During a recess, Perry, Della, and Paul go to the Overbrook farm. Della notices the gap between the two sets of woman's footprints. "Coming and going" says Perry. Paul's worried that there's nothing there to contradict Bob's account. Bernice couldn't have made the tracks Monday night, because her whereabouts have been confirmed. Perry has Della try running in the mud, but ultimately concludes that something Paul said is the key to the mystery.
Back in court, Perry calls Bernice. He has a record of a phone call to her from Bob on the murder night. He suggests that early Tuesday morning, by which time knowledge of all her movements was no longer certain, she could have made false prints to frame Lucille. She denies it, so Perry calls Overbrook for the purpose of proving his suggestion. He gets the tracking expert to admit that there's nothing in the prints that shows that the track from the car to the road was made first. Someone could have walked from the road to where the car had been then run back to the road. Overbrook admits it, and adds that there was a bush squashed by the car that the woman could have stepped on to avoid leaving prints in the gap between the two sets of prints. So the tracks don't confirm Bob's improbably story of Lucille escaping from the trunk after all. Perry then asks him to explain his dog Prince's footprints, which are also on the police diagram. They show that Prince made lots of prints between the car area and the farm road, but did not accompany Overbrook when he backtracked Bob from the house to the farm.

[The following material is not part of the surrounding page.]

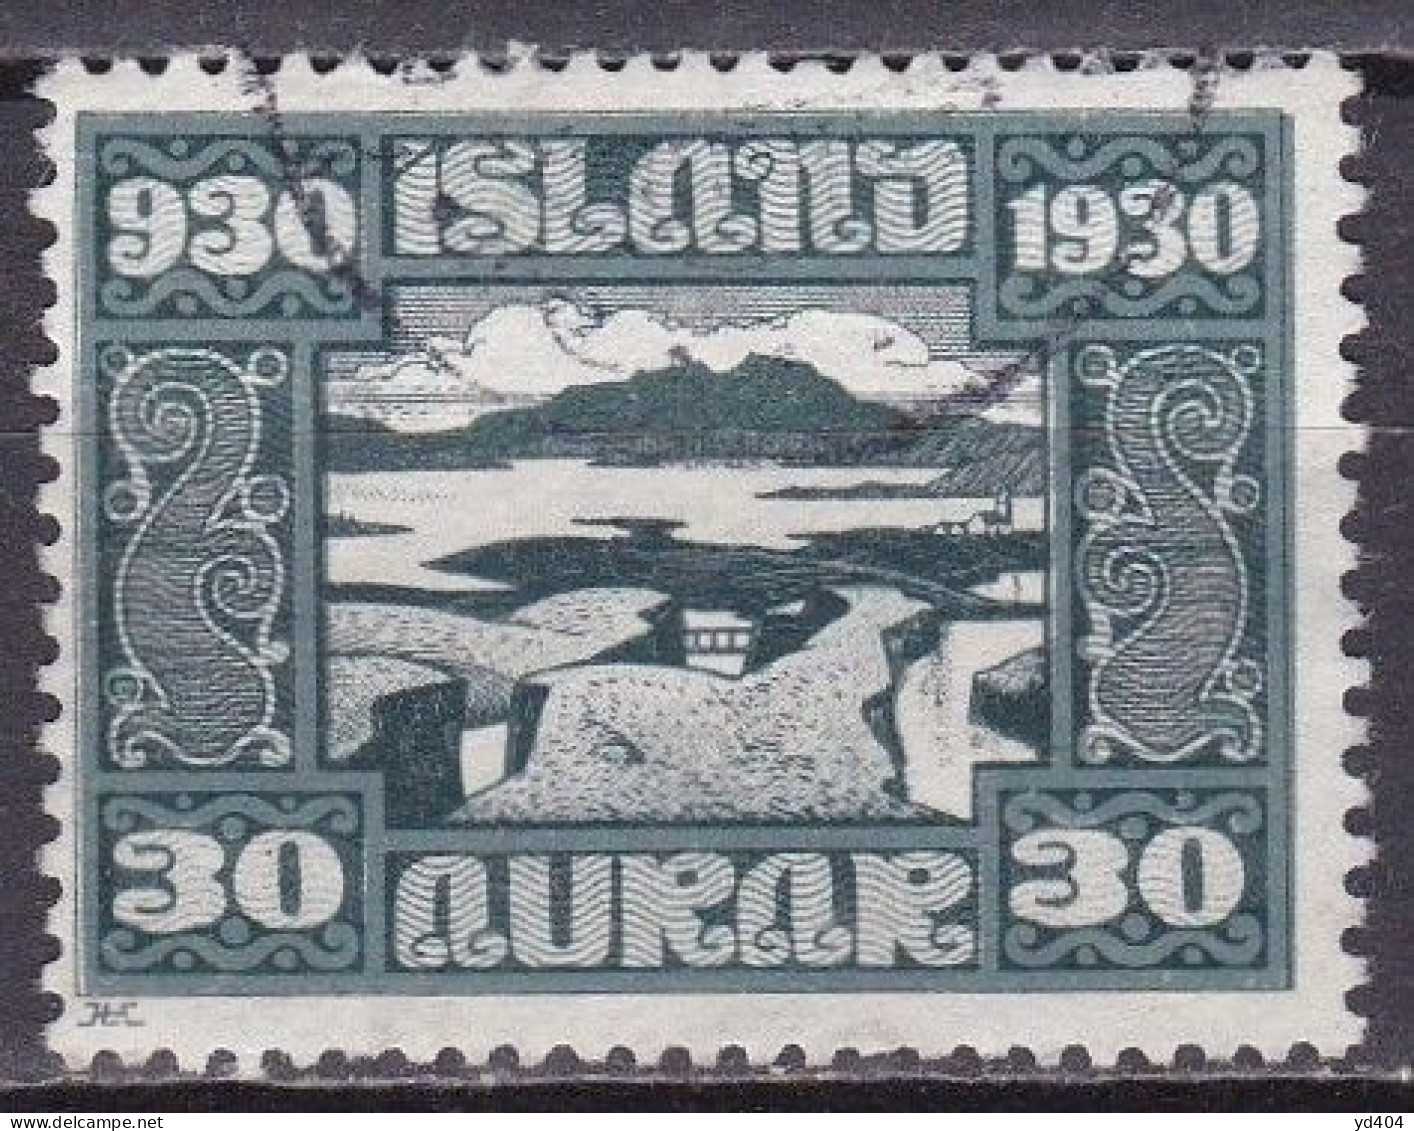 IS020H – ISLANDE – ICELAND – 1930 – MILLENARY OF THE ALTHING – SG # 165 USED 15 € - Oblitérés

So these prints were the result of separate occasions. Perry suggests that Overbrook did the backtracking while leaving Prince to guard Bob, found the car with an unconscious Bertie, a man he hated. He took the car and ran it into the canyon, then returned. Later, he realized there were prints of him going to the car but not leaving the area. Therefore, he got the boards and laid them to cover up his approach to the car area, then stepped off and walked back to the farm road. On this occasion, Prince was with him. Overbrook admits his actions, but says that Bertie was already dead when he found him. Bob shouts "That's a lie! He was all right!"
Leaving court, Perry says Paul gave him the key to the solution when he talked about the woman's prints "coming and going" - the opposite order from what everyone was assuming. (However, it was Perry himself who used those words, not Paul.) Burger thanks Perry for handing him the guilty party - it had to be Overbrook. Perry counters with some alternative assumptions that make it credible that Bob is guilty, and Burger leaves, annoyed. Perry admits to Paul and Della that Burger had it right. He just doesn't want to establish the precedent of agreeing with the D.A.